In a letter exclusively obtained by The Daily Caller, the organization has asked the Treasury Inspector General for Tax Administration to “investigate and learn the source of the breach and prosecute those responsible to the fullest extent of the law.” It also provided evidence suggesting the leak might have been the result of “IRS employee misconduct.”

The dispute stems from a March 30 post on the pro-gay Human Rights Campaign’s (HRC) website, which boasted that it had obtained documents revealing that Mitt Romney “donated $10,000 to the National Organization for Marriage [NOM] in 2008 …”

NOM argues that such an unauthorized public release of confidential taxpayer information was a clear violation of federal law.

Tax-exempt organizations like NOM are required file Form 990 with the IRS annually, which includes a schedule of donors who contribute at least $5,000 during a reporting period. This information is filed solely with the IRS, and the Internal Revenue Code requires the agency to keep the information confidential.

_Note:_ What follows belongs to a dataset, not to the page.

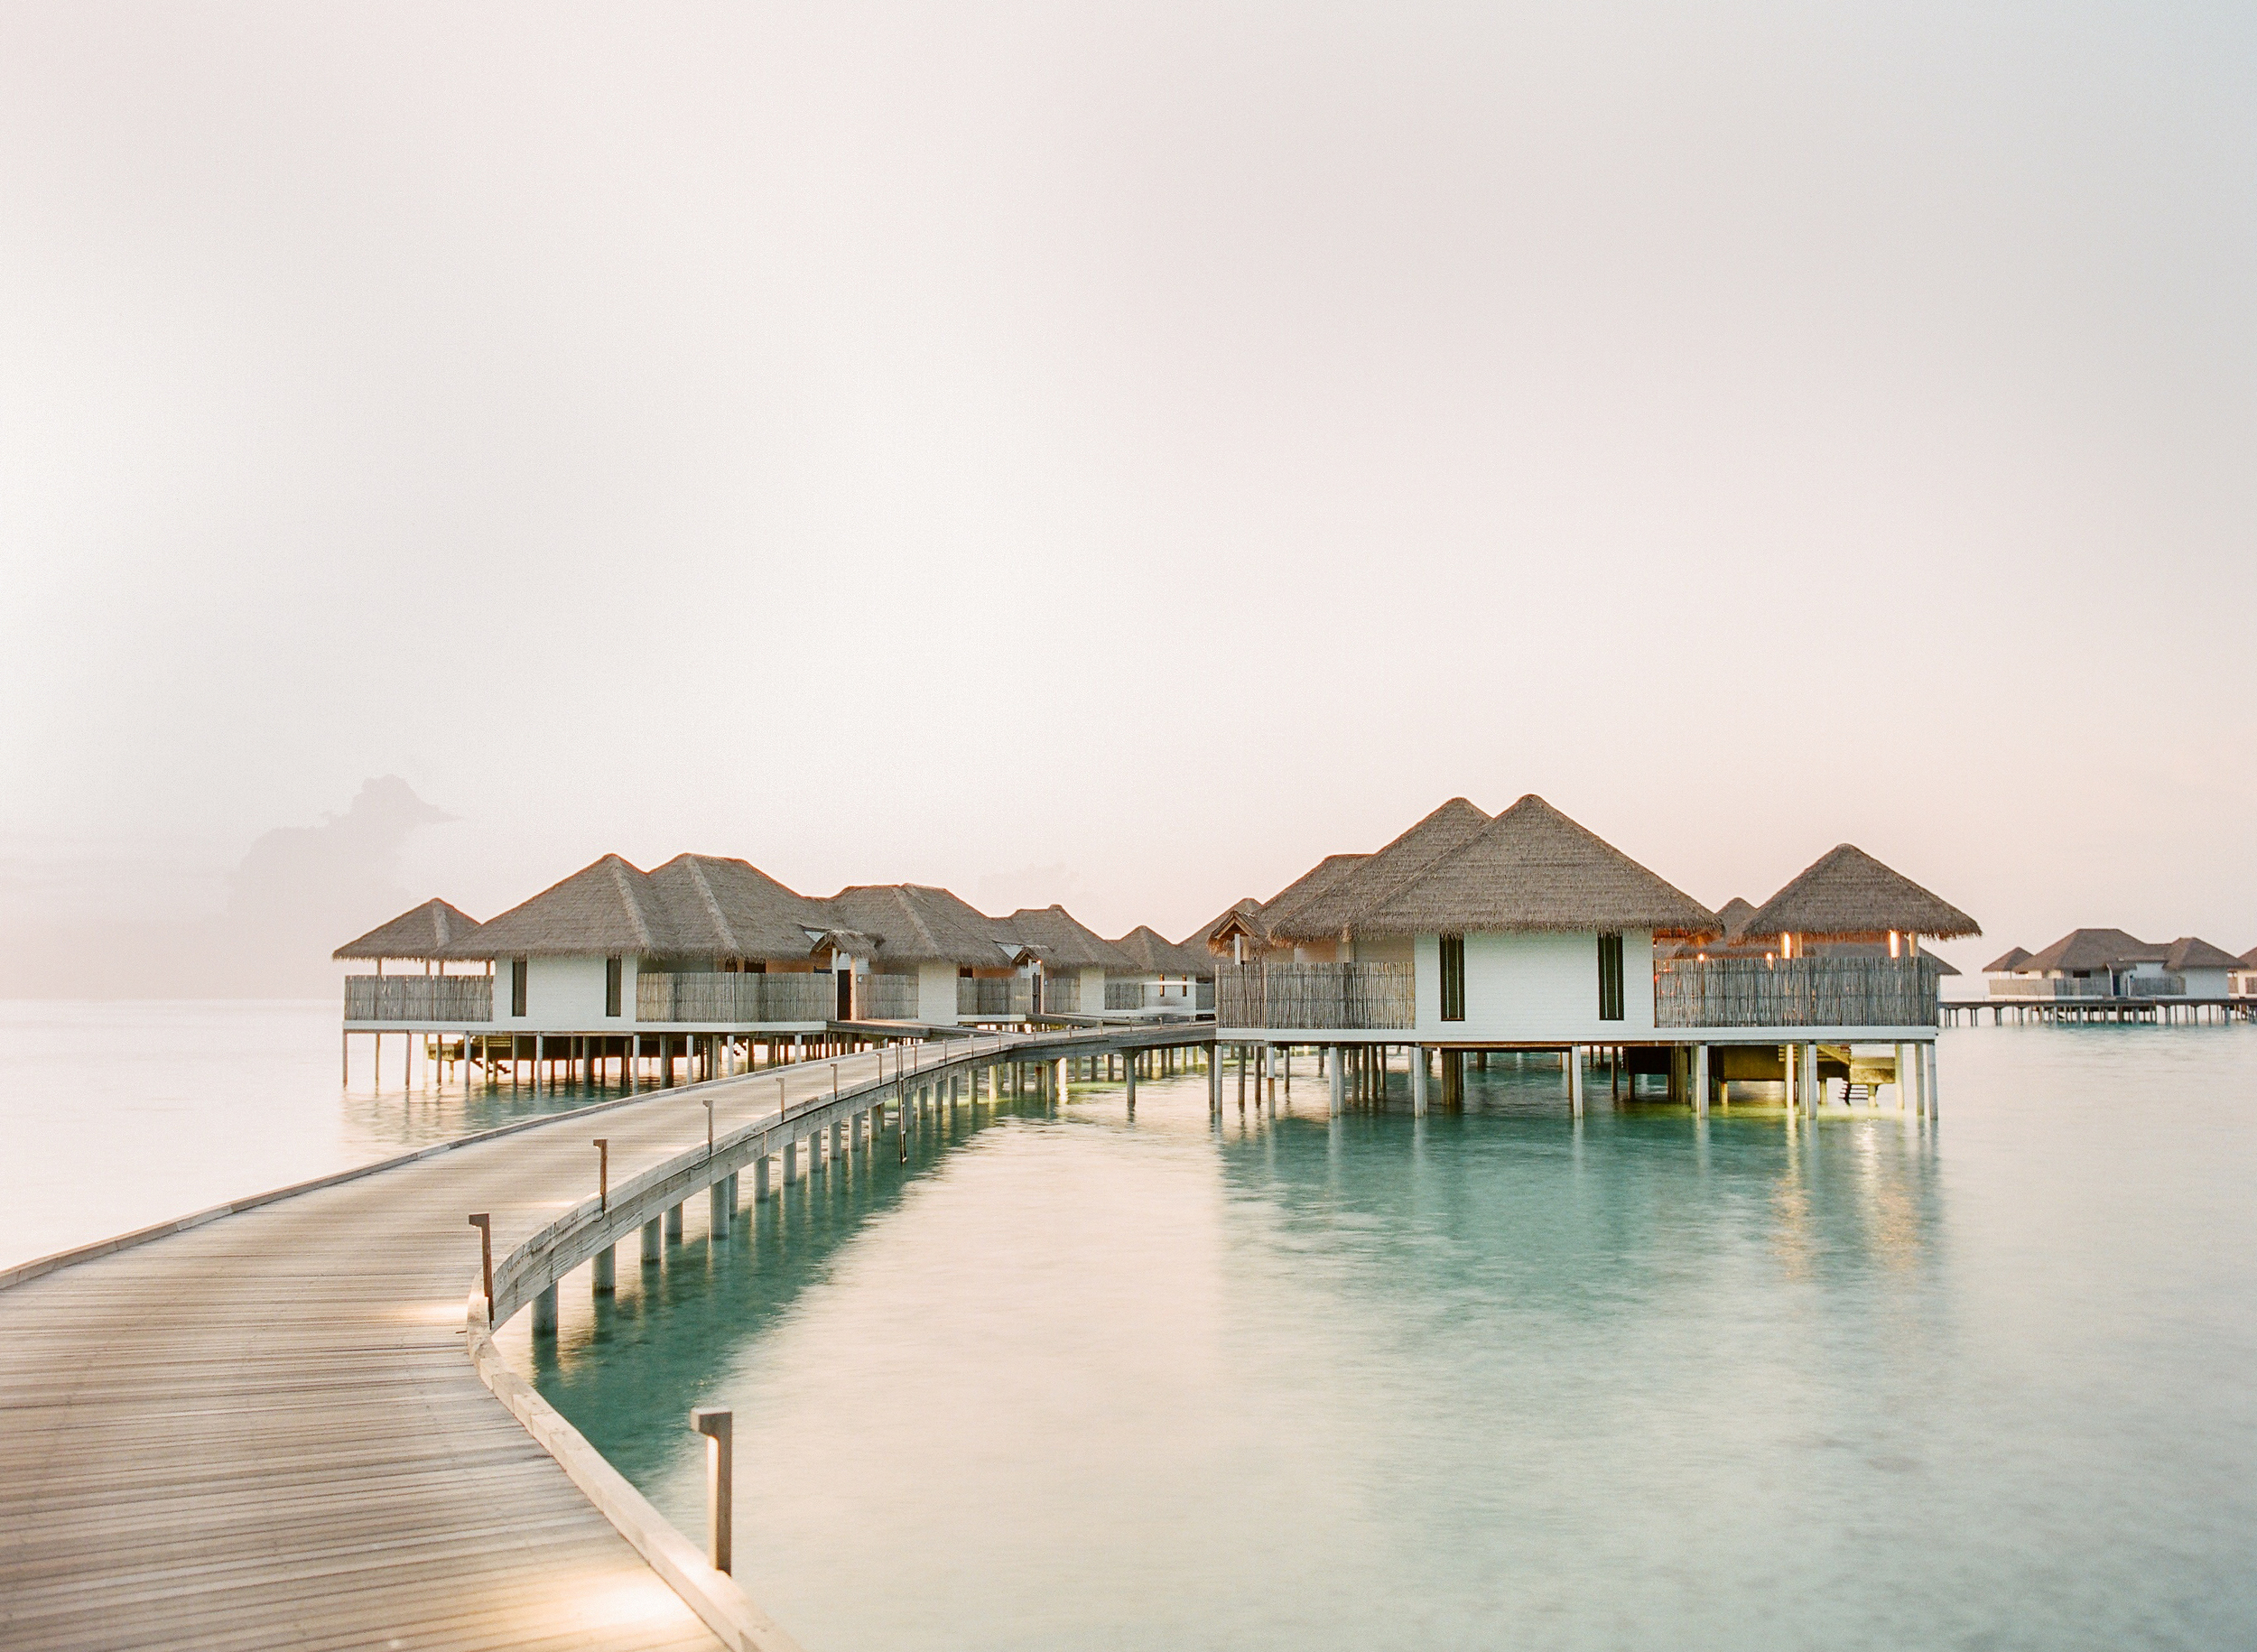 The Four Seasons in the Maldives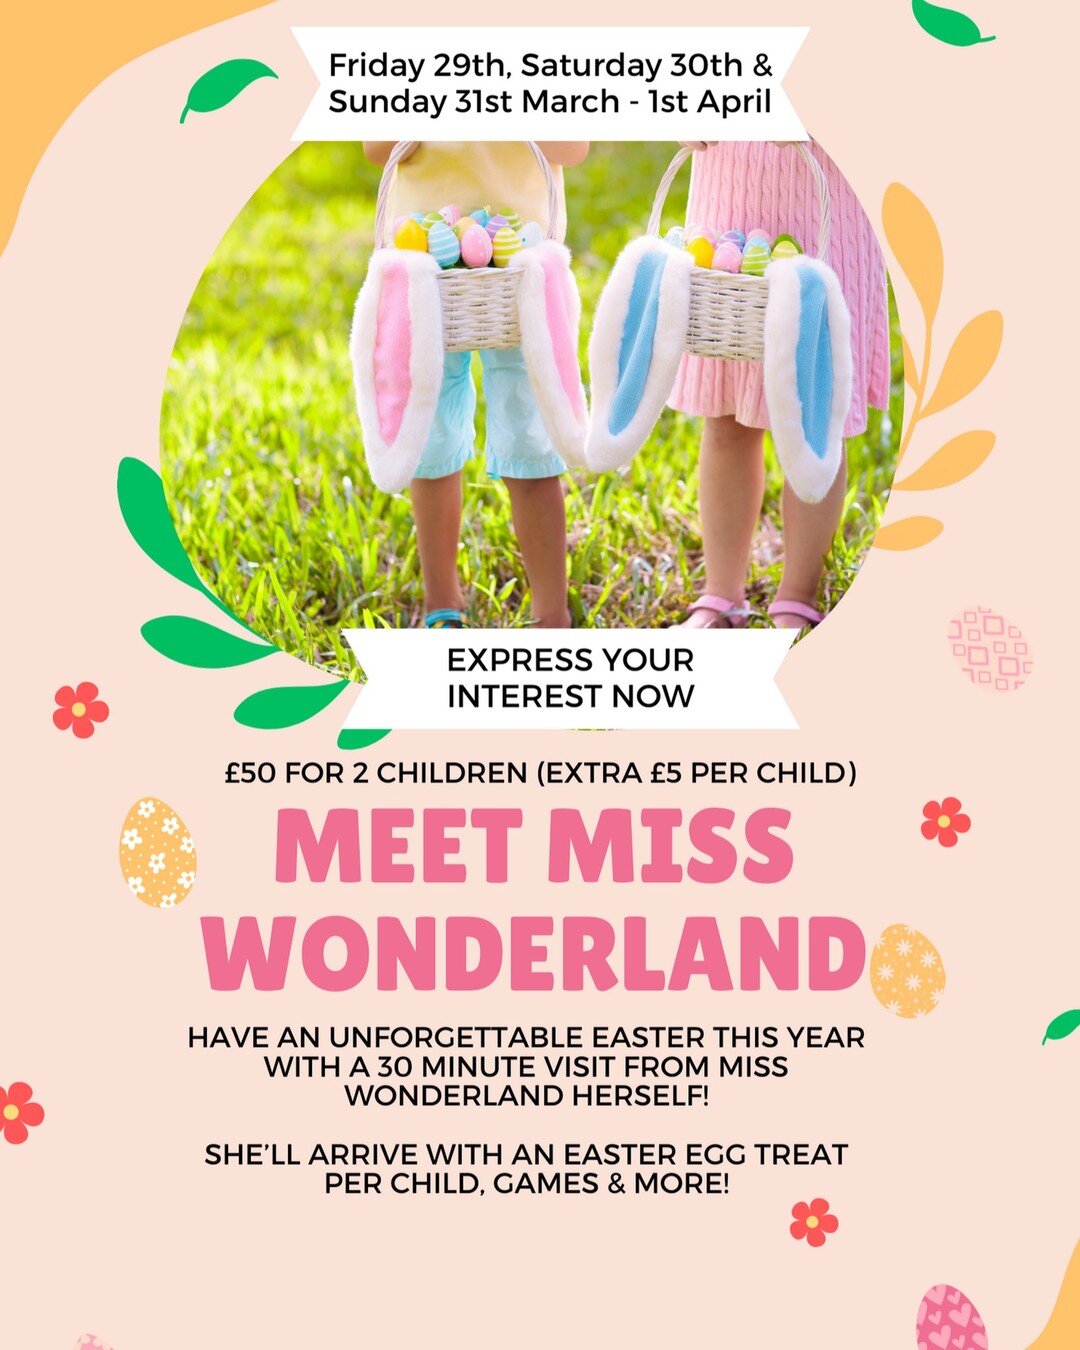 MEET &amp; GREET WITH MISS WONDERLAND THIS EASTER 🐣 please DM or email us if you are interested with a date in mind - we will then work out a route depending on the bookings and let you know what time she can be with you 💗 #easter #eastervisit #pri

NOM has been crying foul since the information was revealed, but it is now taking formal legal steps. Excerpts from the letter (signed by NOM’s chairman Dr. John C. Eastman and president Brian Brown) explain why NOM believes that someone at the IRS might be the culprit:

NOM has also issued a demand letter to both the HRC and the Huffington Post (which also published the documents), informing them that publicly revealing these confidential donors constitutes a “felony.” The letter also instructs both organizations to remove the names and links to their private donors from their website and their archives within 24 hours.

Lastly, NOM is insisting the outlets name the leak.

The story could have larger implications: Not only does it involve Romney, but outgoing Human Rights Campaign president Joe Solmonese was recently named a national co-chair of the Obama presidential re-election campaign.

During a conversation with TheDC, a spokesman for NOM stressed the issue isn’t about gay marriage, but rather the rule of law. The notion that confidential donor information can be compromised with impunity, the spokesman said, could have a chilling effect on contributions to such groups. Some donors are more comfortable making anonymous donations because they fear possible reprisal or intimidation; in other cases, they merely seek privacy.

The published record indicates that NOM is fighting for principle, not to protect the anonymity of any specific donation. The Deseret News reported on the $10,000 donation in 2008, and confirmed it through Romney spokesman Eric Fehrnstrom. And the Huffington Post’s reporting includes a link to a public campaign-finance document showing the donation, made — for reasons that aren’t clear — through the PAC’s Alabama chapter.

With the Romney PAC’s donation already public, NOM’s message boils down to a complaint about a potential IRS leak. And the leaker, the organization says, is not a “whistleblower” (as some have suggested), but a criminal.